Manusは旧バージョンより汎用AIエージェントとして優れた自律性と作業完遂能力を持っていましたが、今回のアップデートによって最後の一押しをクリアした感があります。2025年10月にリリースされたManus 1.5は、その「自己完結性」において一つの到達点を示したと言えるでしょう。作業完了後、成果物はManusの環境にデプロイされるので、作ったものに自分のもの感が出ないところにやや隔靴掻痒感がありますが、まあ資源一式もダウンロードできるのでそれは求めすぎというものでしょう。

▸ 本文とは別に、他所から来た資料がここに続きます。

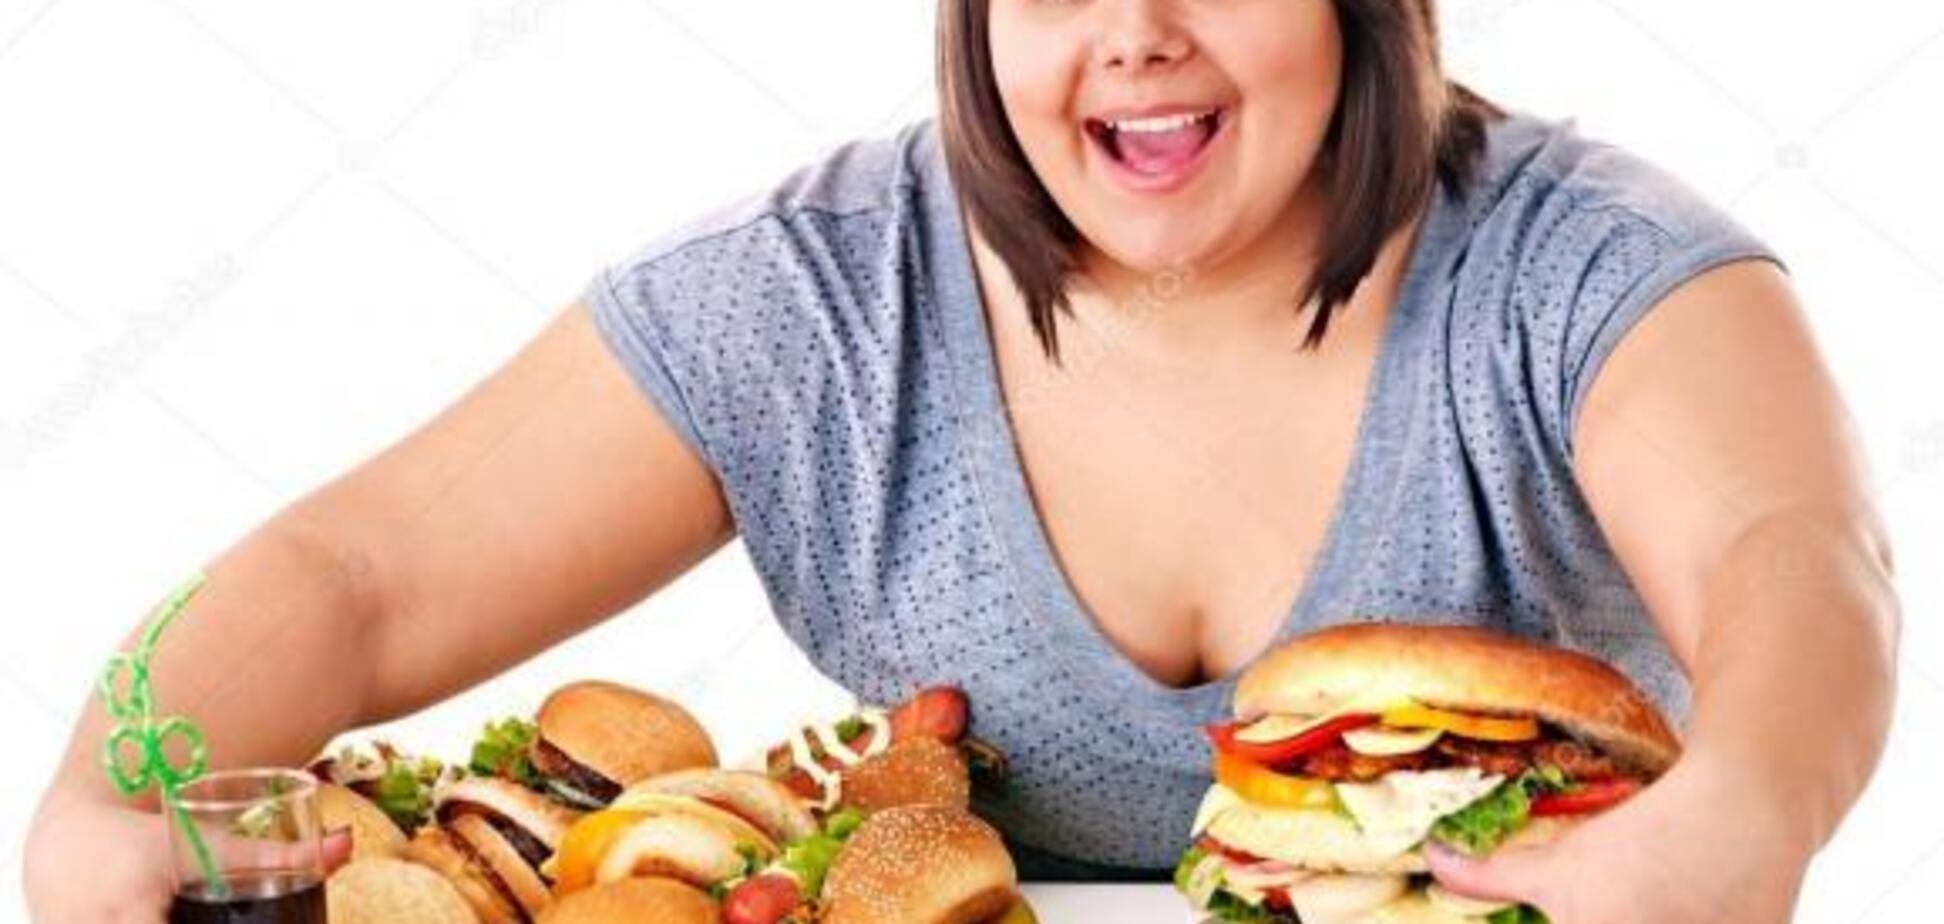 'Виновата патология': ученые заявили о новом исследовании причин лишнего веса

本記事では、このManus 1.5のアーキテクチャ、主要機能、そして実用性について、公式情報やサードパーティのレビューを基に、技術的な観点から詳細に解説します。
※なお、本記事そのものもManus 1.5によって自動生成されています。

Introducing Manus 1.5
▲Manus 1.5 公式紹介動画

主要機能①:ワンプロンプトによるフルスタックWebアプリ構築

Manus 1.5の最も注目すべき機能の一つが、自然言語のプロンプトから、バックエンド、データベース、ユーザー認証機能を含むフルスタックのWebアプリケーションを自律的に構築・デプロイする能力です。

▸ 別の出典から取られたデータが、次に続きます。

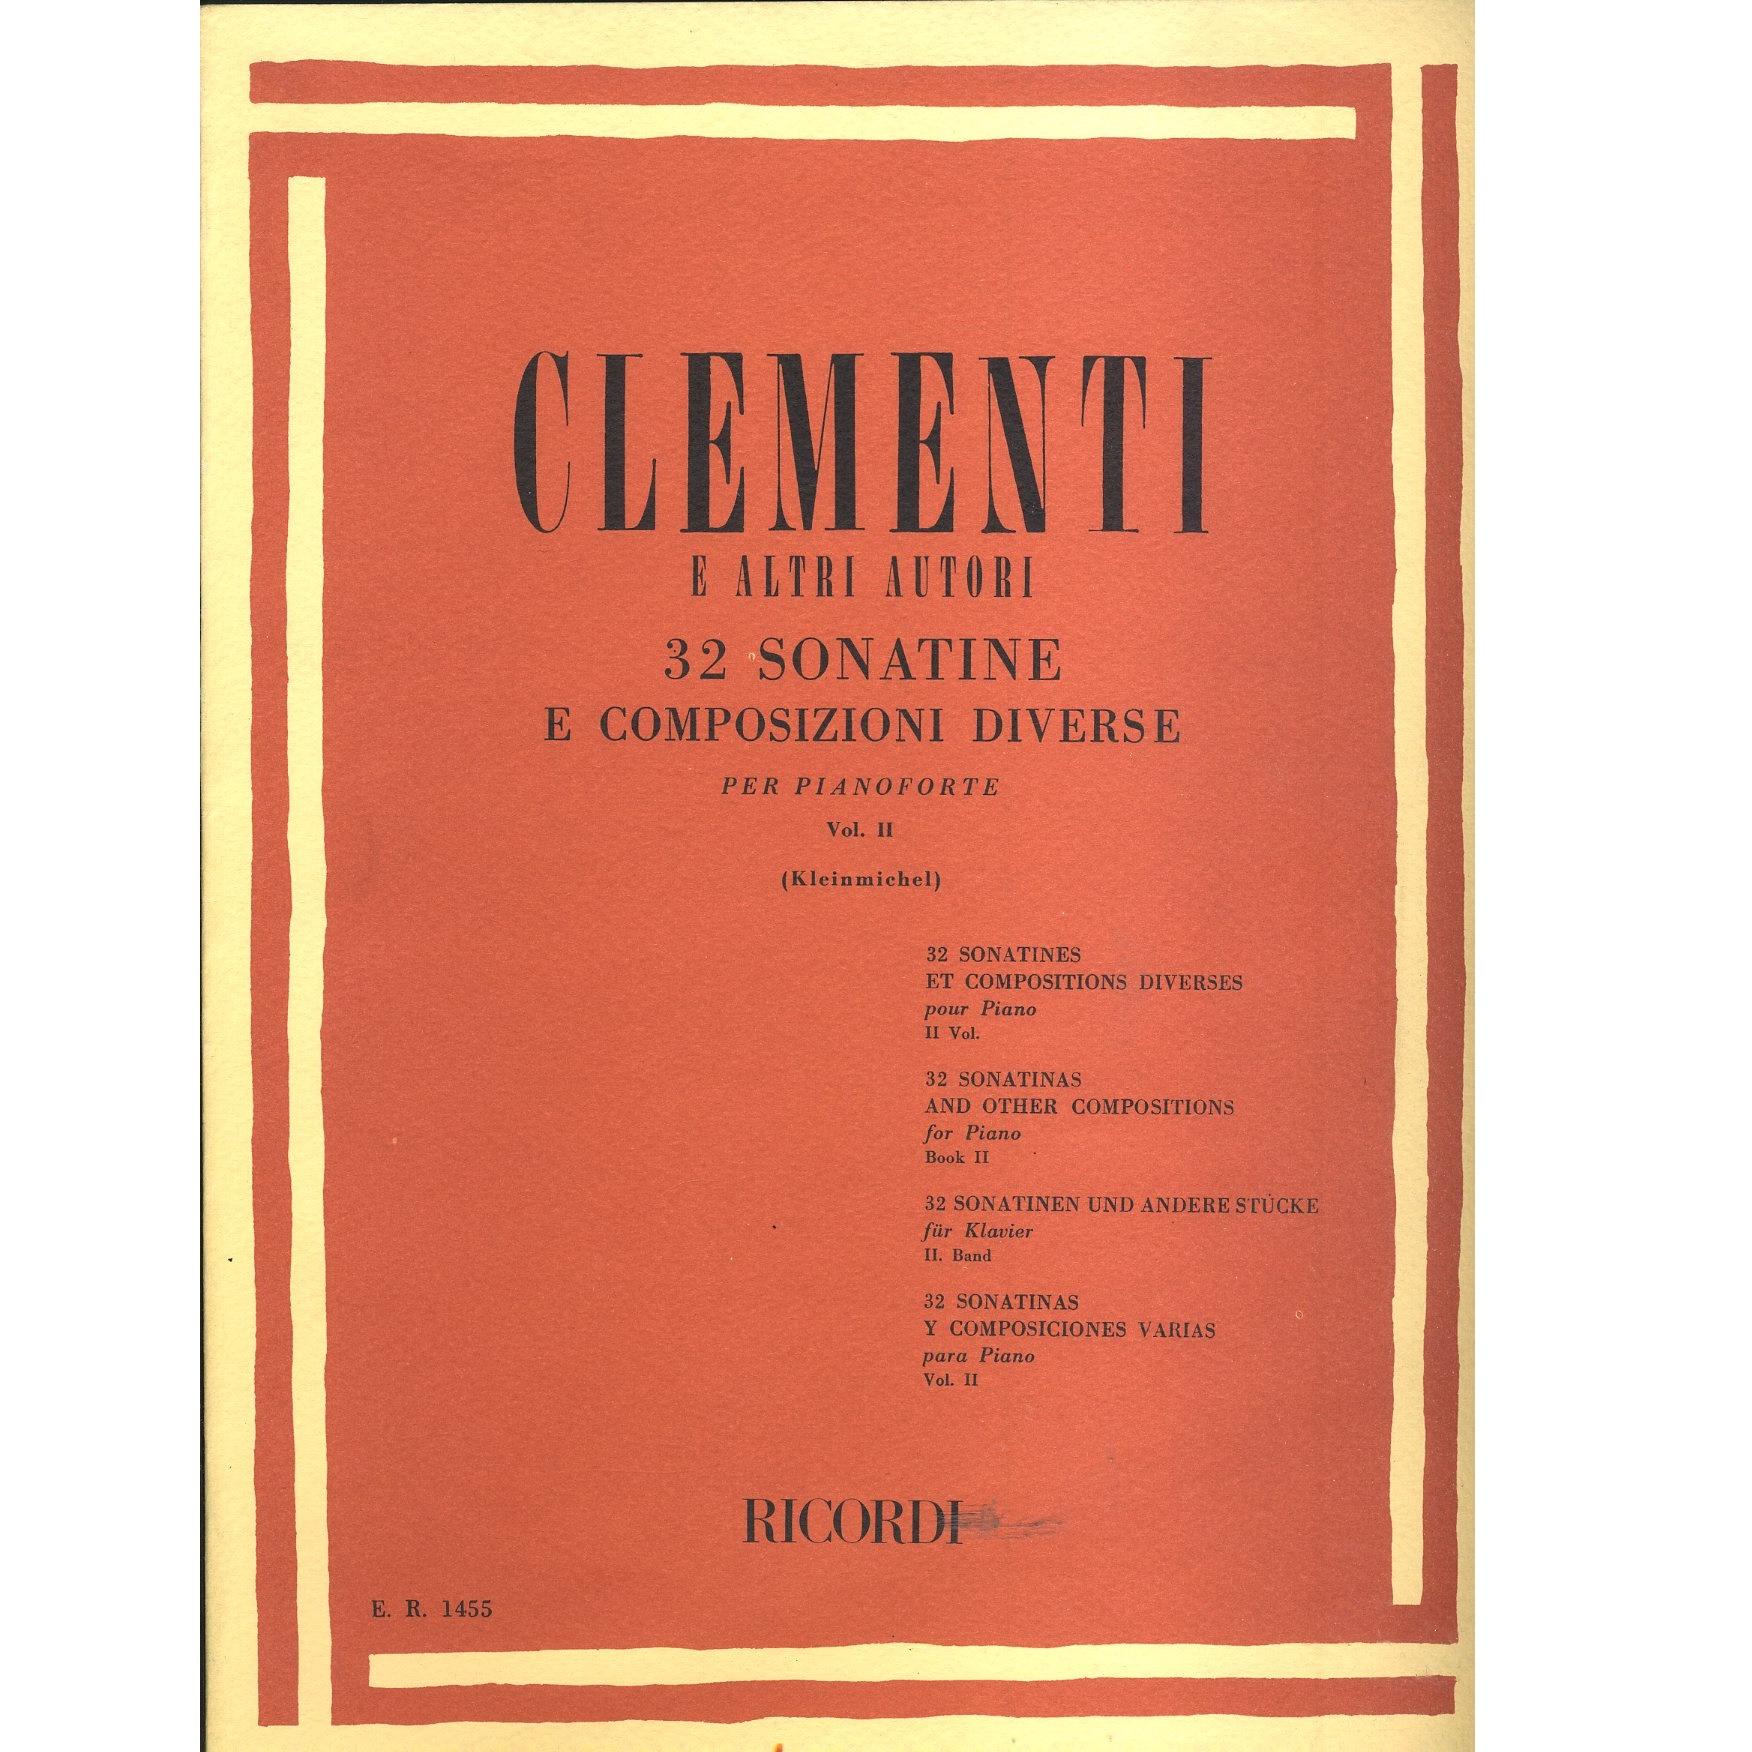 Clementi 32 Sonatine e composizioni diverse per pianoforte vol. II (Kleinmichel) - Ricordi

これは、単にフロントエンドのコードを生成する従来のAIツールとは一線を画します。ユーザーがアプリケーションの要件を記述するだけで、Manusは以下の要素を含む、実際に動作するアプリケーションを生成します。

機能 説明
フルスタックスキャフォールディング フロントエンドだけでなく、サーバーサイドのロジックやAPIエンドポイントを含む完全なインフラを生成。
ユーザー認証 ログイン、サインアップ、セッション管理といった基本的な認証システムを標準で組み込み。
統合データベース ユーザーデータやアプリケーションの状態を永続化するためのデータベーススキーマを設計・構築。
ビジュアル編集 生成されたアプリのライブプレビュー上で、特定の要素を指し示し「このボタンの色を変更して」といった自然言語での修正が可能。
カスタムドメイン 生成したアプリケーションに独自のドメインを接続し、公開する機能。

出典: Manus 1.5 公式リリースブログ [1] [2] を基に作成

開発プロセスは、以下のステップで進行します。

  1. 要件定義: ユーザーのプロンプトを解釈し、必要な機能、データモデル、技術仕様を設計します。
  2. コード生成: 設計に基づき、フロントエンド、バックエンド、データベースのコードを生成します。
  3. デプロイ: 生成したアプリケーションをサンドボックス環境にデプロイします。
  4. 自動テスト: 統合ブラウザを起動し、基本的なユーザー操作をシミュレートして、動作検証とデバッグを自律的に行います [1][2]。

この一連のサイクルにより、アイデアの着想から動作するプロトタイプの完成までを数分から数十分で完了させることが可能となり、アジャイル開発におけるイテレーション速度を大幅に向上させます。

より詳細な構築プロセスについては、公式のチュートリアルが参考になります。

📖 公式チュートリアル: Build Full-Stack Websites in Minutes — No Coding Required

主要機能②:Wide Researchによる並列調査

リサーチ業務においても、Manus 1.5は 「Wide Research」 という強力な機能を提供します。これは、一つの調査テーマに対し、複数のサブエージェントを並列で起動させ、網羅的な情報収集と分析を高速に実行するものです [4]。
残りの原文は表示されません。